Saudi Basic Industries Corporation (Sabic) plans to use a newly acquired technology license to build a chemicals plant based on renewable feedstocks, which will be the first of its kind in the region.

In a 29 August statement, Sabic said that it had agreed license agreements with German engineering firm Lurgi, which will give it access to the company’s oleochemicals production technology.

Oleochemicals are made from either plant oil or animal fat and are predominately used to make biofuels. They also have applications in lubricants and plastics production along with cleaning, health and beauty products.

Lurgi’s technology is based on the use of palm kernel oil and coconut oil, Sabic says. The petrochemicals firm plans to build a new plant using the license at the Jubail production complex owned by its affiliate Saudi Kayan Petrochemicals Company. Sabic has scheduled start-up at the plant for the end of 2013.

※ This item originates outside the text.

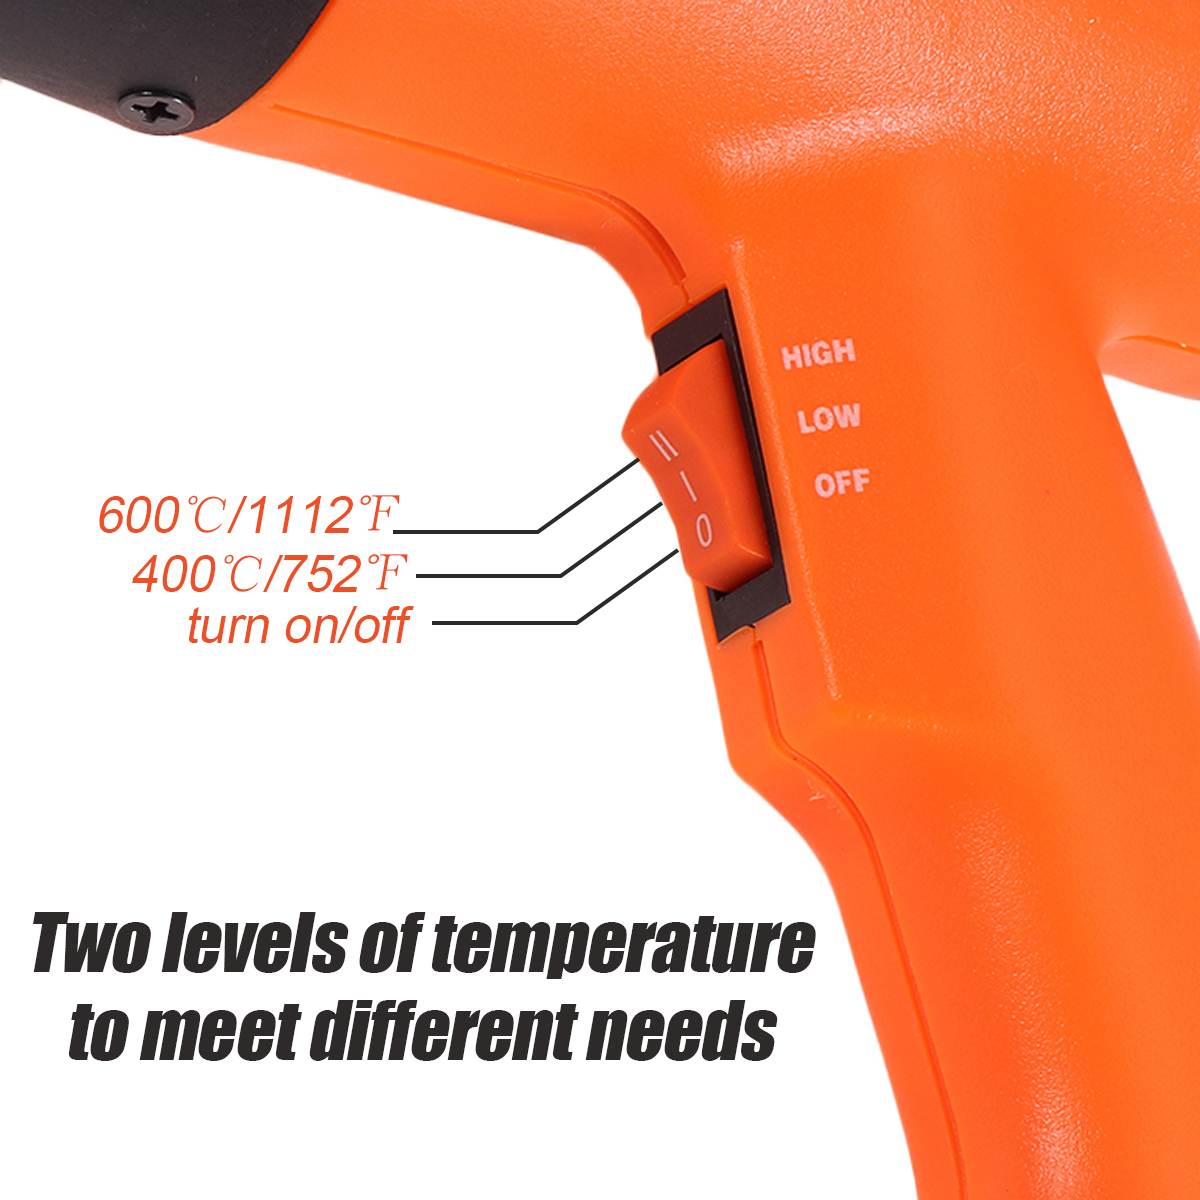 220V-2000W-Electric-Hot-Air-Heater-Heating-Tool-Shrink-Wrapping-Thermal-Power-Tool-1784452-10
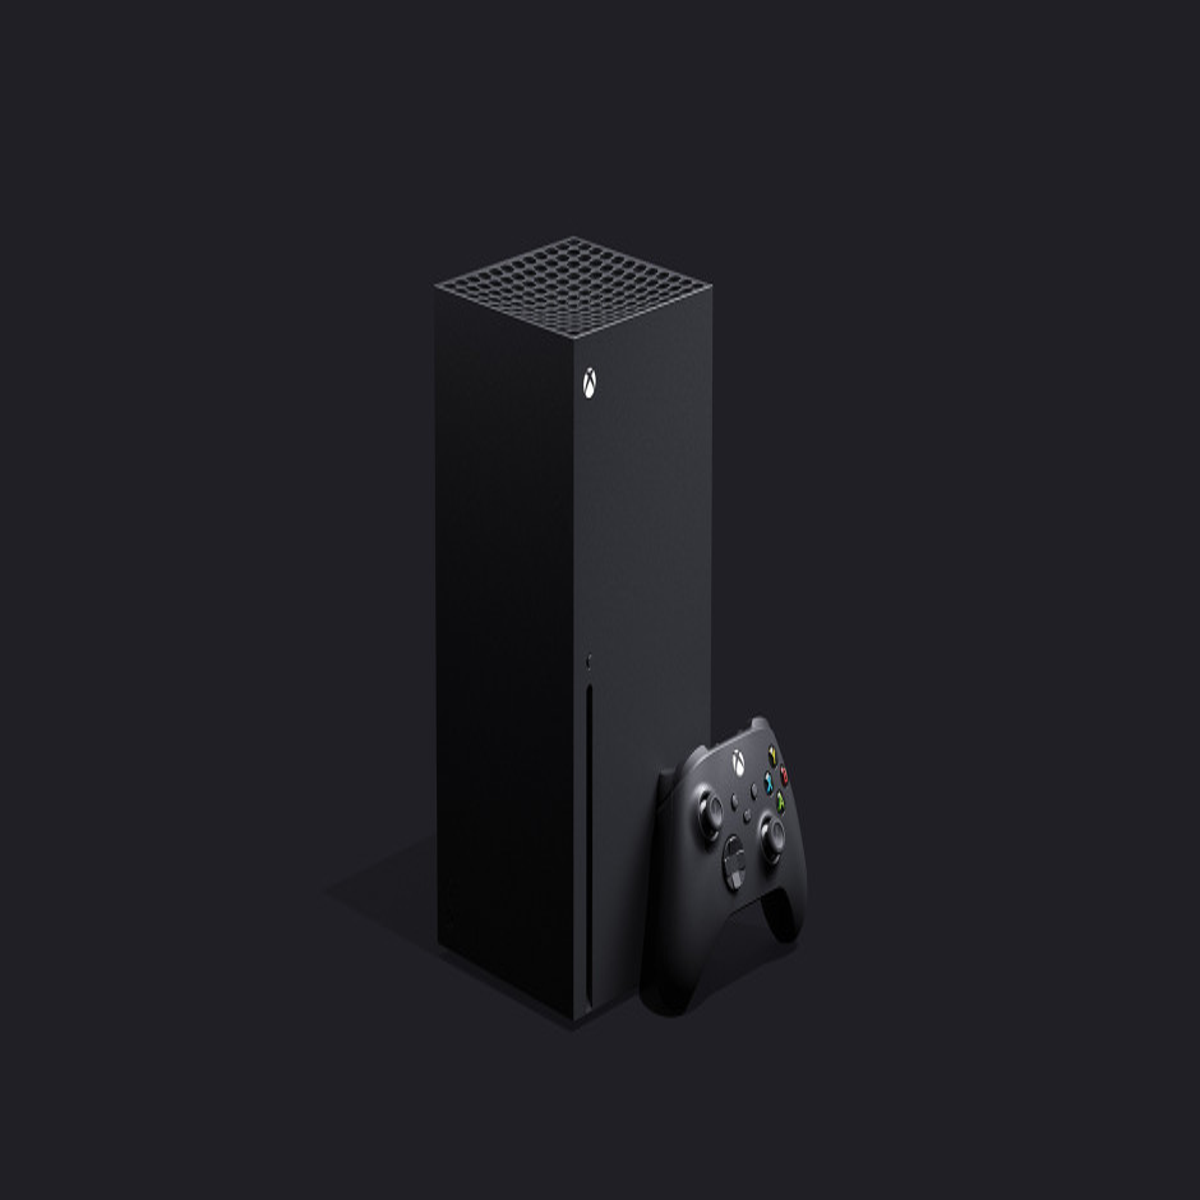 Xbox Series X and H.265 - Play 4K H.265 on Xbox Series X from USB

The new unit will be made up of a natural acid unit, a wax-ester unit, a hydrogenation unit, natural alcohol fractionation and distillation facilities and a glycerine production plant.

The complex will be produce 83,000 tonnes a year (t/y) of natural alcohols for use in household cleaning and laundry products. The alcohols will also be used to make plasticisers, chemicals which make plastics more flexible, lubricants and for the production of cosmetics.  Glycerine produced at the plant will be used in food production as well as cosmetic and pharmaceuticals in the kingdom.

Sabic is the fourth-largest producer of basic plastics in the world, but has been looking for opportunities to move into a more diverse product slate as the world suffers from a glut of polymers and supplies of cheap ethane dry up in the kingdom.